*** Opening of Exercise data ***

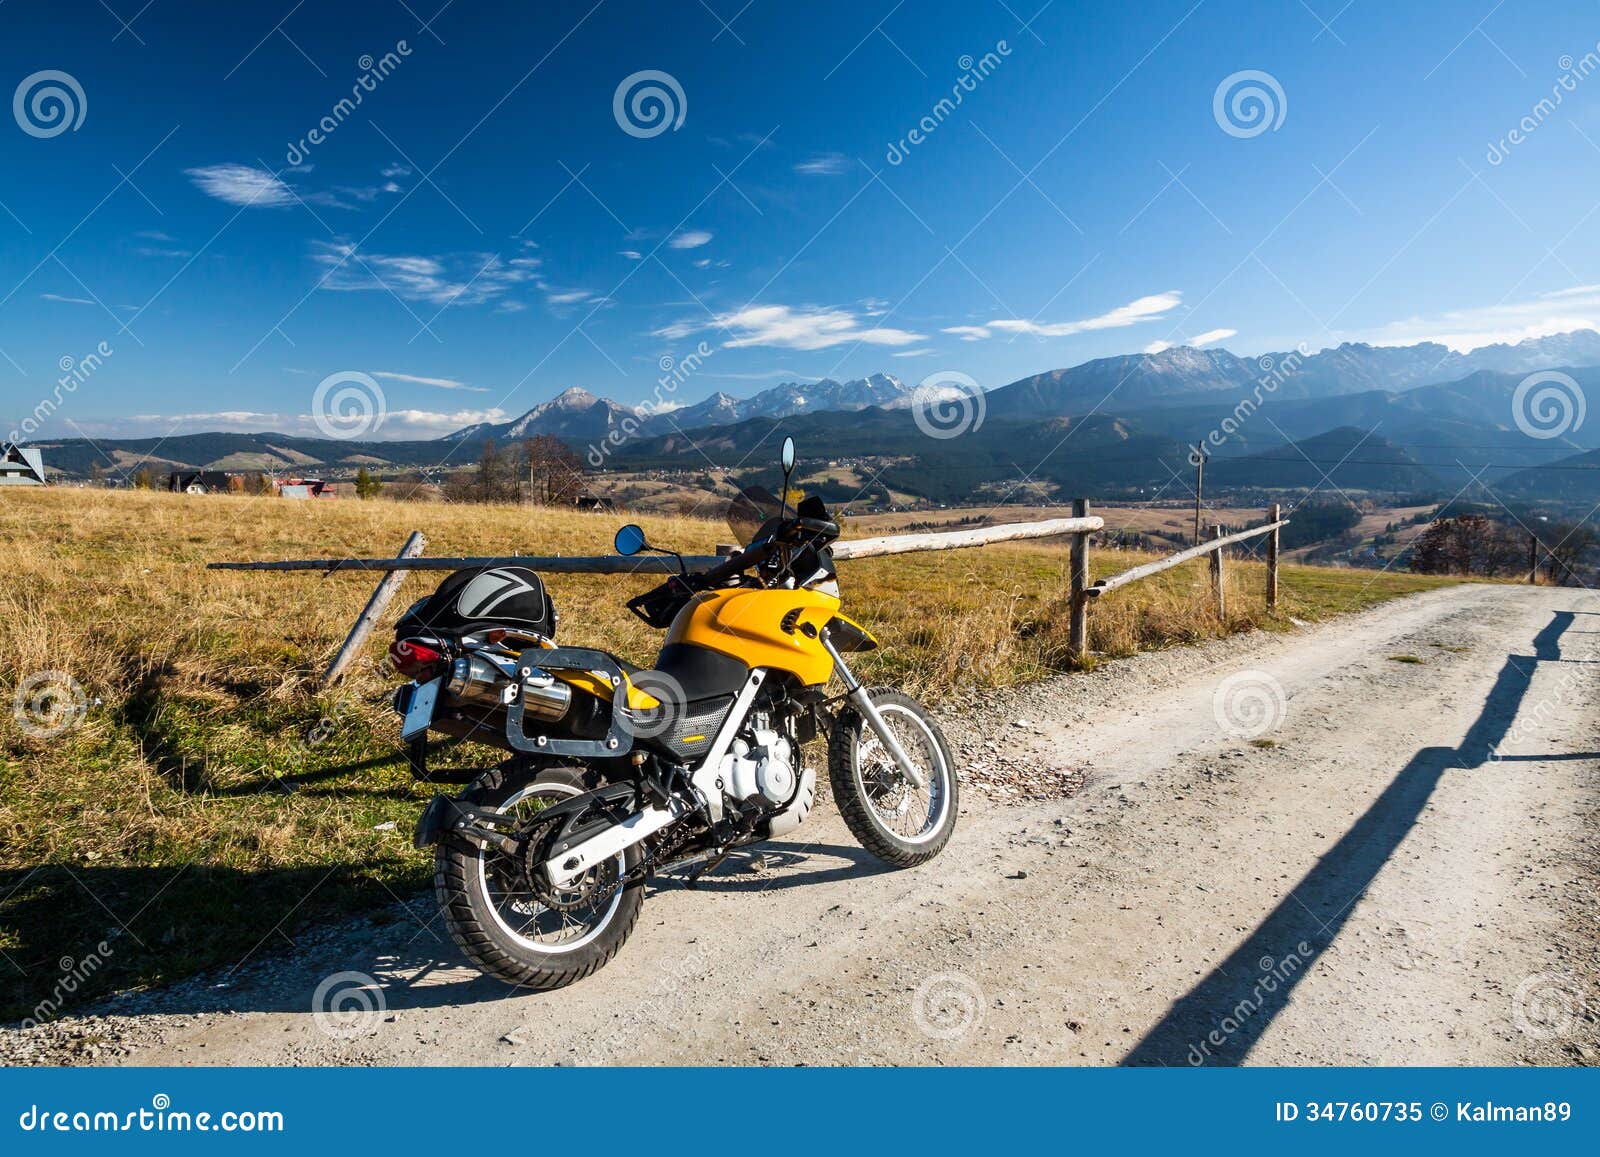 riding mountains on motorbike
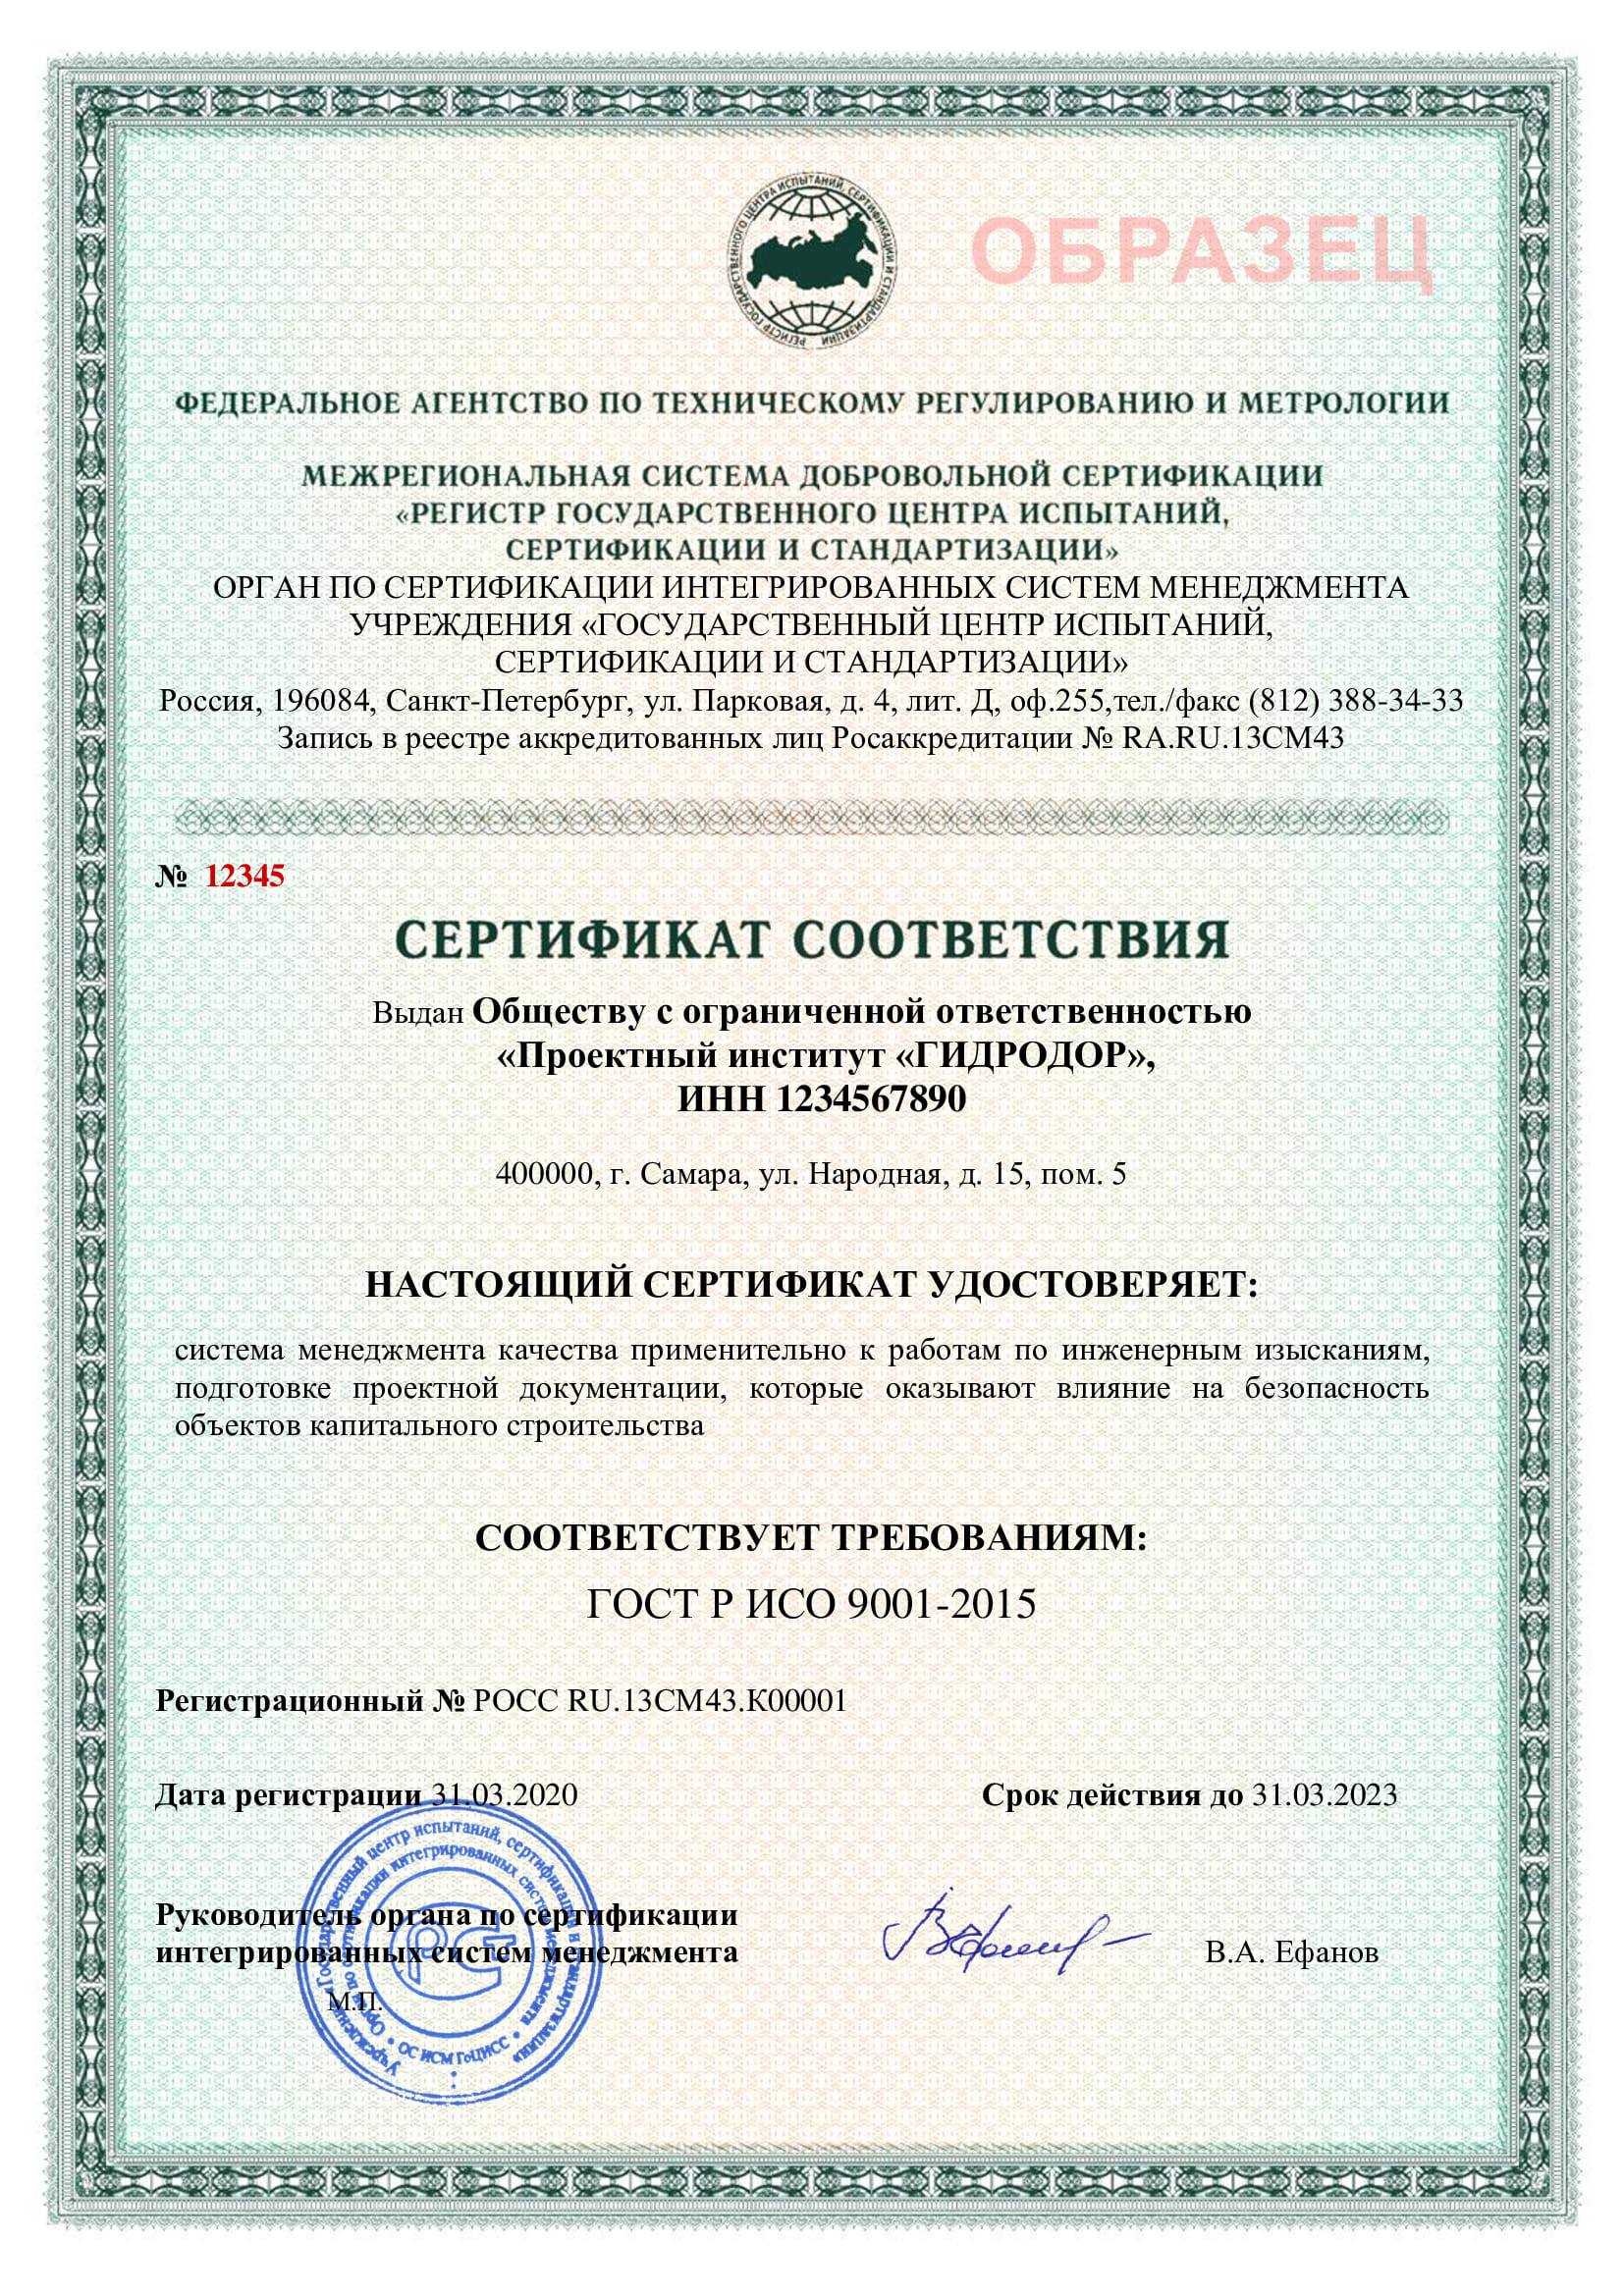 Сертификаты смк версия смк название органа сертификации номер сертификата и дата выдачи
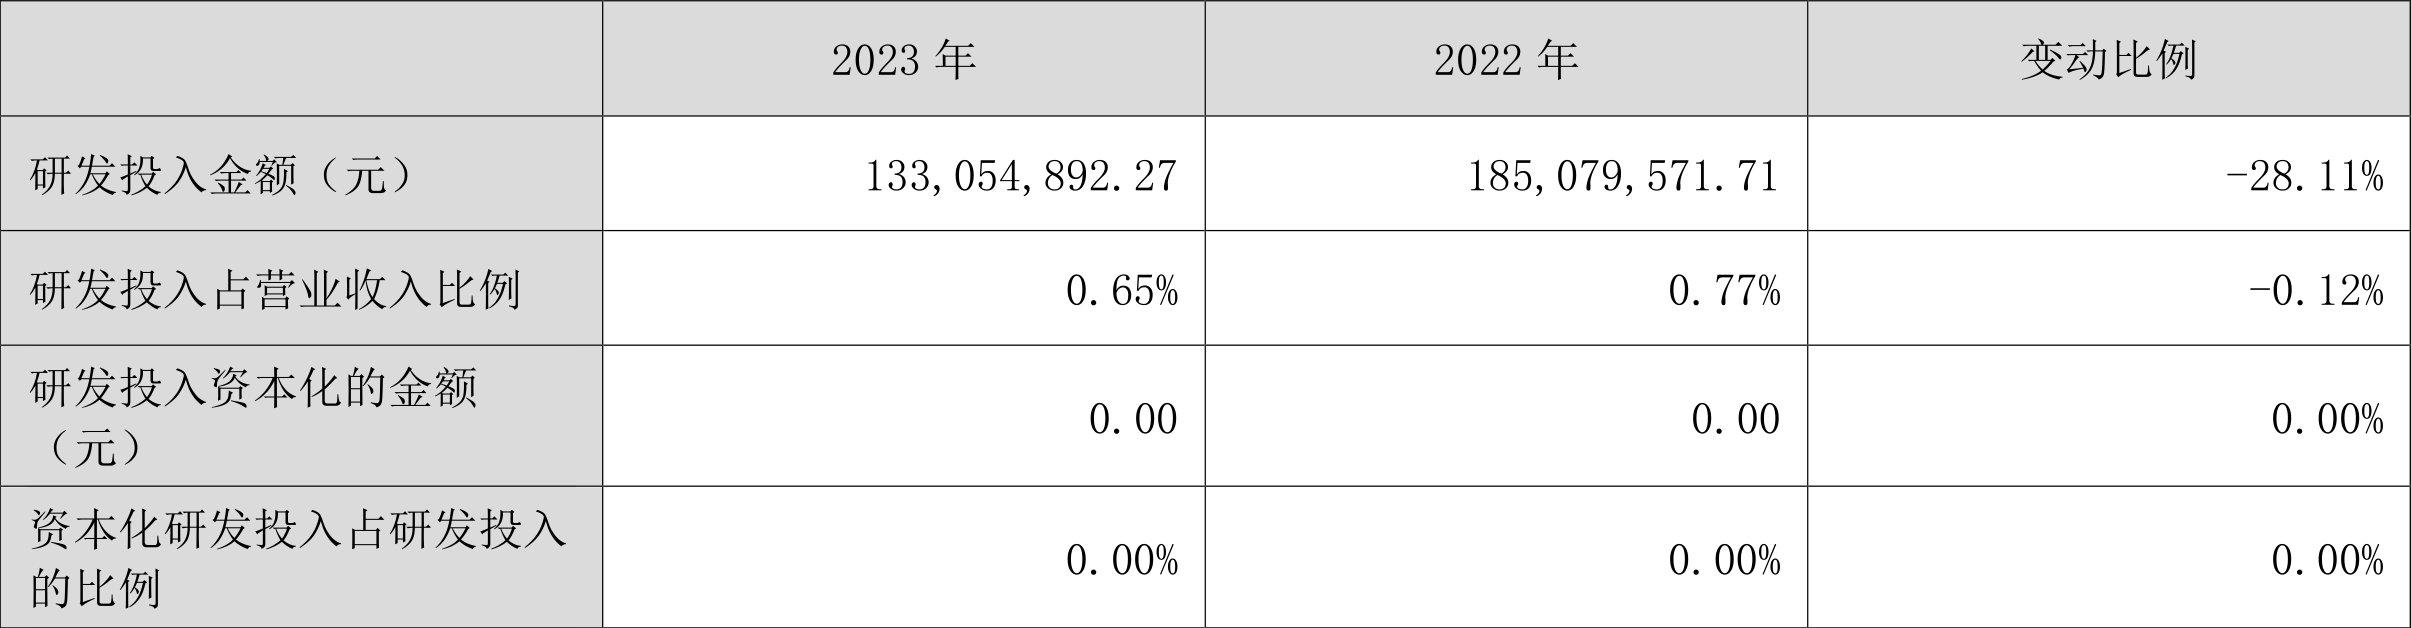 深圳华强：2023 年净利润同比下降 50.93% 拟 10 派 2 元 - 第 22 张图片 - 小城生活

*** Close of Exercise data ***

Work order: Print all the lines above exactly as they are, but without the pictures.

Task solution:
 riding mountains on motorbike
 Сертификаты смк версия смк название органа сертификации номер сертификата и дата выдачи
 深圳华强：2023 年净利润同比下降 50.93% 拟 10 派 2 元 - 第 22 张图片 - 小城生活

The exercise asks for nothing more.